米中「気球騒動」はどう転ぶのか…ロシア・ウクライナ戦争1年を前に世界が抱える「もう一つの危機」

アメリカ上空に侵入して撃墜された中国の「気球」を巡って、この2週間あまりというもの、アメリカと中国が、一触即発となった。ロシアによるウクライナ侵攻から24日で一年を迎える中、世界は固唾を呑んで「もう一つの危機」を見守った。
米中両国それぞれの思惑と今後の米中関係について、現代ビジネスコラムニストで中国ウオッチャーの近藤大介と、著名なアメリカウォッチャーでロールシャッハ・アドバイザリー代表取締役のジョセフ・クラフト氏が、徹底討論した。(撮影:西崎進也)

「気球騒動」アメリカ側のホンネに迫る

近藤: クラフトさんとは同世代ですが、いつも大変鋭いアメリカ分析に敬服しております。先日、岸田文雄内閣のある高官に話を聞いた際、「最近私が得たアメリカ情報によれば……」と、もったいを付けて話し出した。これは「クラフト情報」に違いないと、ピンときました(笑)。
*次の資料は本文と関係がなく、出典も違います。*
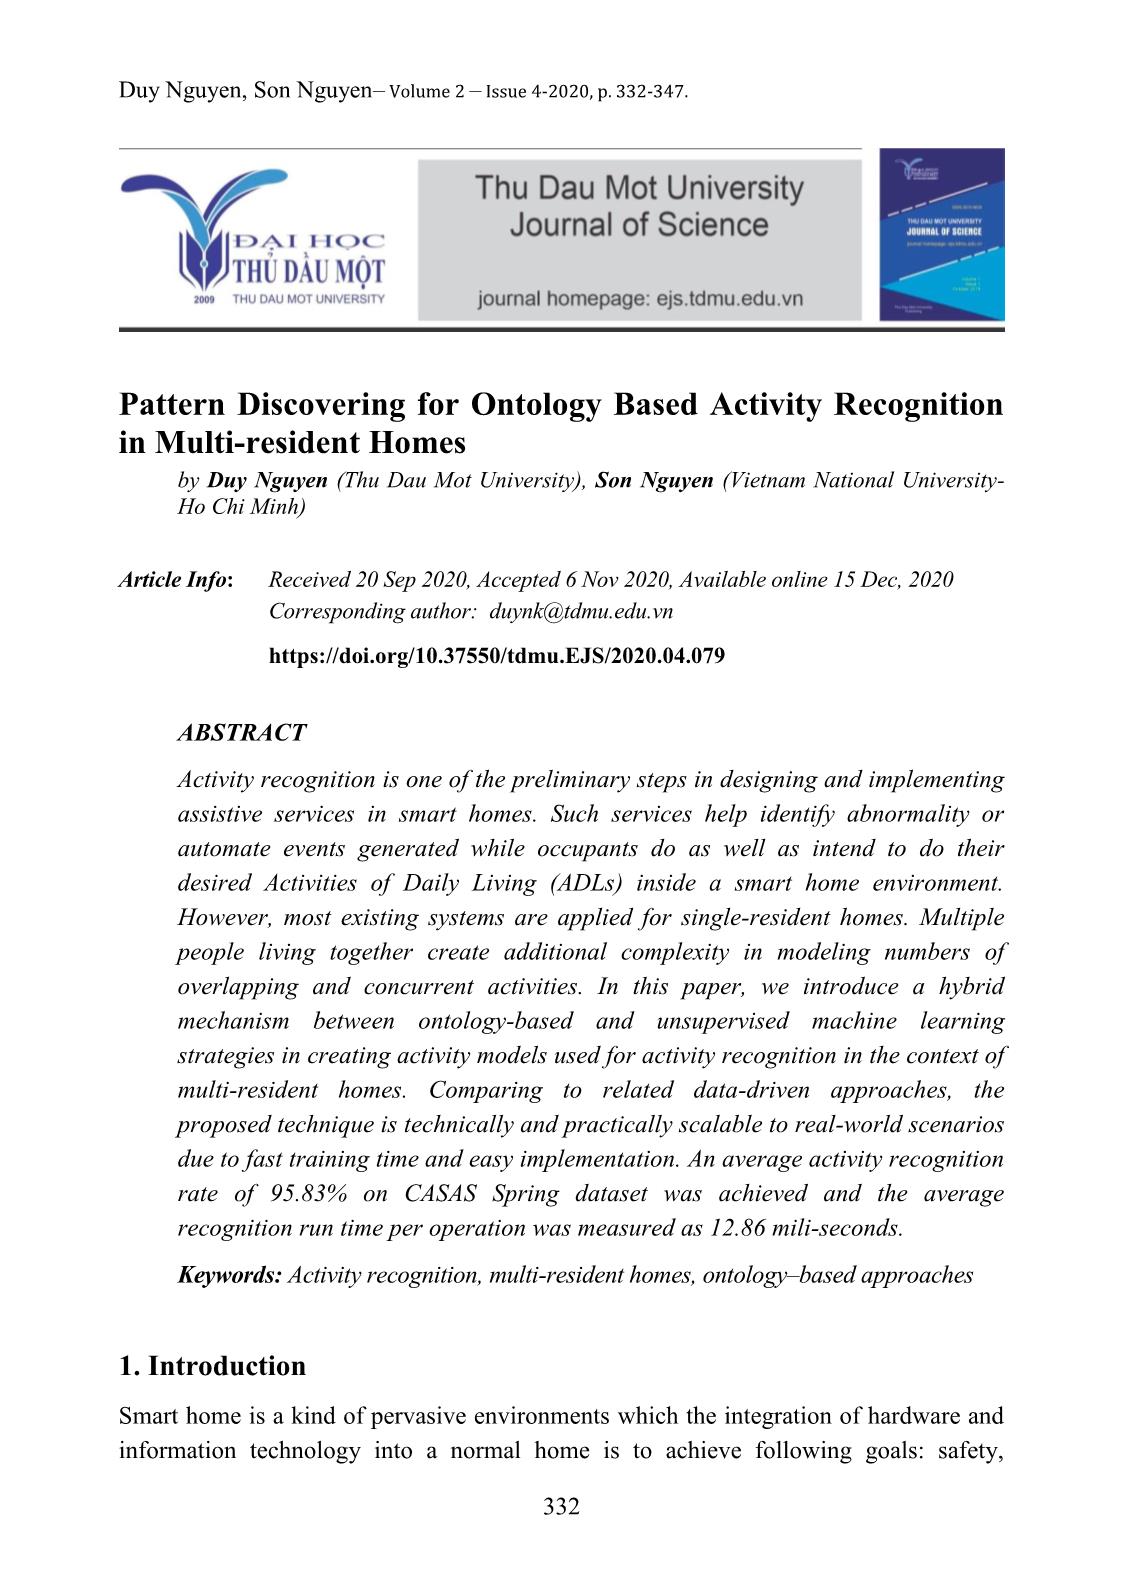 Pattern discovering for ontology based activity recognition in multi-resident homes trang 1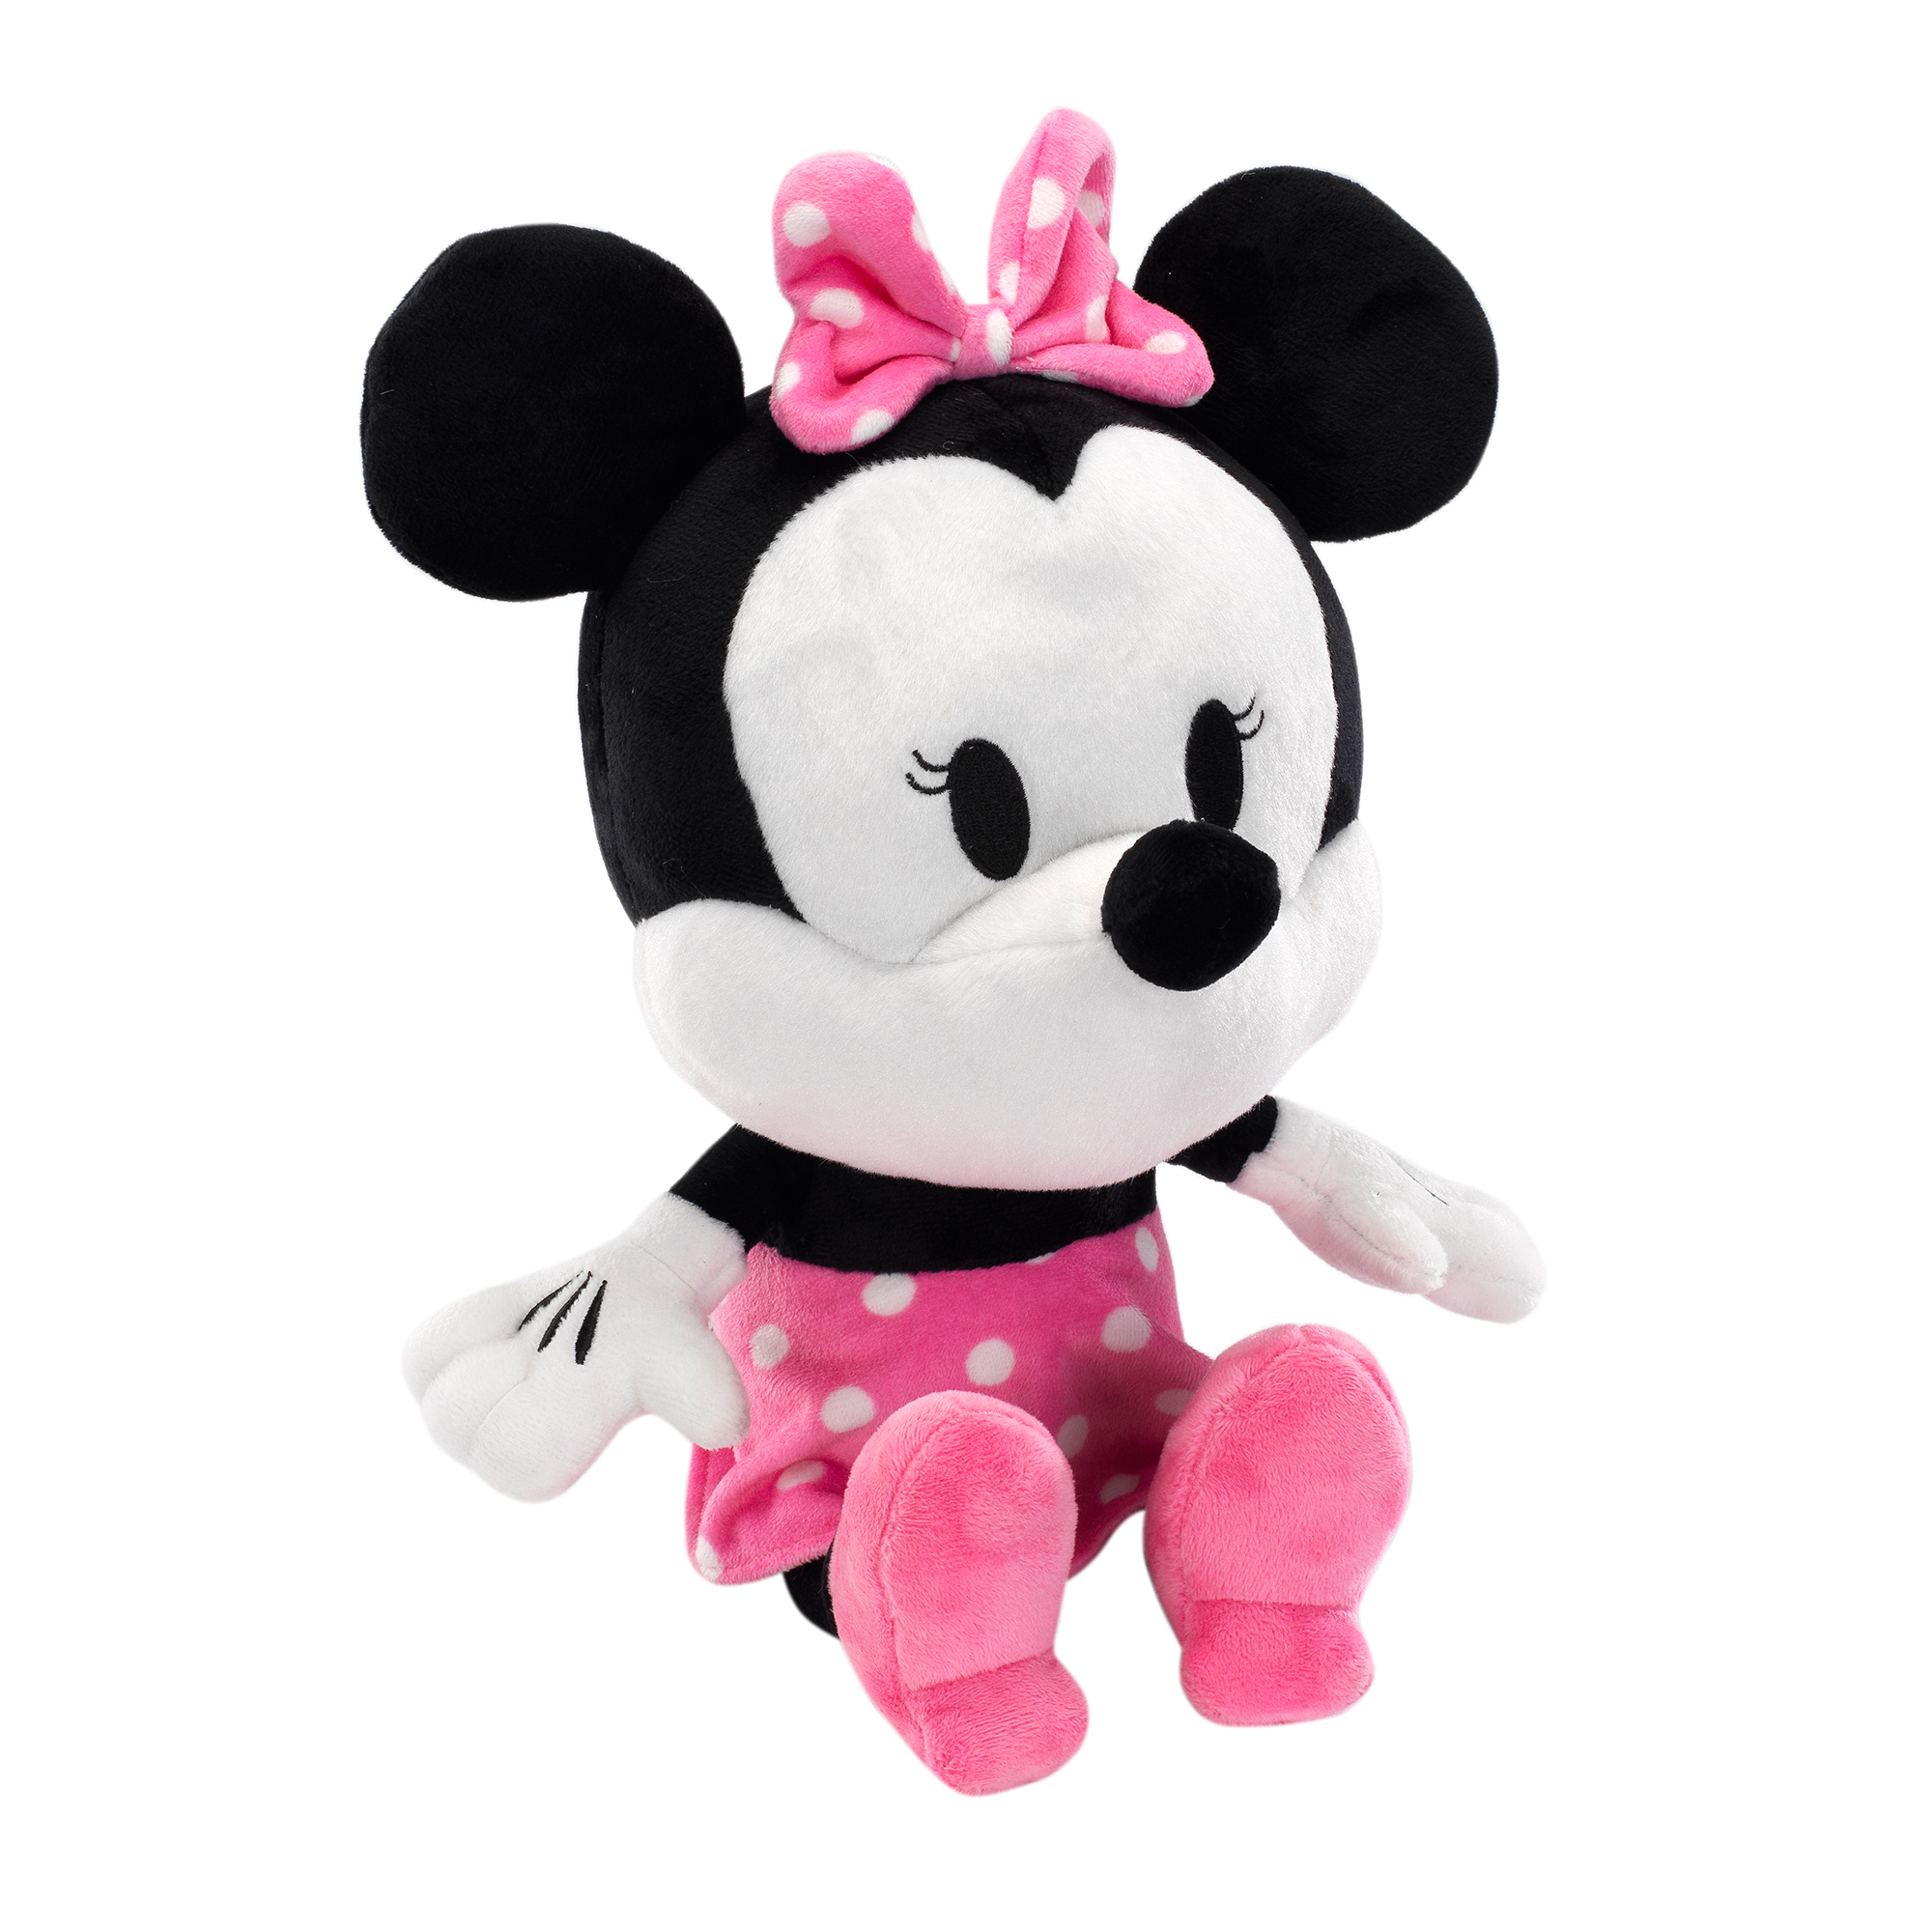 Disney Baby Minnie Mouse Plush Stuffed Animal Toy by Lambs & Ivy - image 1 of 4

クラフト: そんなことないと思いますよ(笑)。私は日本に根を生やして仕事していますので、多方面の方々と交流を持っています。いまはソニーやSBI FXトレードの社外取締役も務めています。

近藤: クラフトさんは、たしか父親がアメリカ人で、母親が日本人ですよね。

クラフト: そうです。父が横須賀のアメリカ海軍基地に勤務していたので、日本生まれです。映画『三丁目の夕日』の世界で育ちました(笑)。中学はアメリカ、高校は日本、大学はUC Berkeleyです。

卒業後、モルガン・スタンレーに入社し、いくつかの会社を経て、2015年に自分の会社を立ち上げました。その間、ずっと東京に拠点を置いています。

近藤: クラフトさんのすごさは、何と言ってもアメリカの政治や安全保障の最新事情に裏打ちされた経済分析ですよね。一般に経済の専門家というのは、目先の統計データばかり追いかけている人が多い。ところがクラフトさんの場合、アメリカ政治と安全保障の日々の動向を押さえながら、地政学的に経済を見ていくから、非常に奥深い。

 

クラフト: ありがとうございます。「ファーウェイ排除」など昨今のアメリカの対中強硬政策は、日本のみならず世界経済に大きな影響を及ぼしています。日本の経営者は、アメリカの政治及び安全保障動向を注意深く見ていく必要があると思います。

近藤: そんな中で、今月に入って突如として起こった中国の「気球騒動」。今日はアメリカ側のホンネの部分を教えて下さい。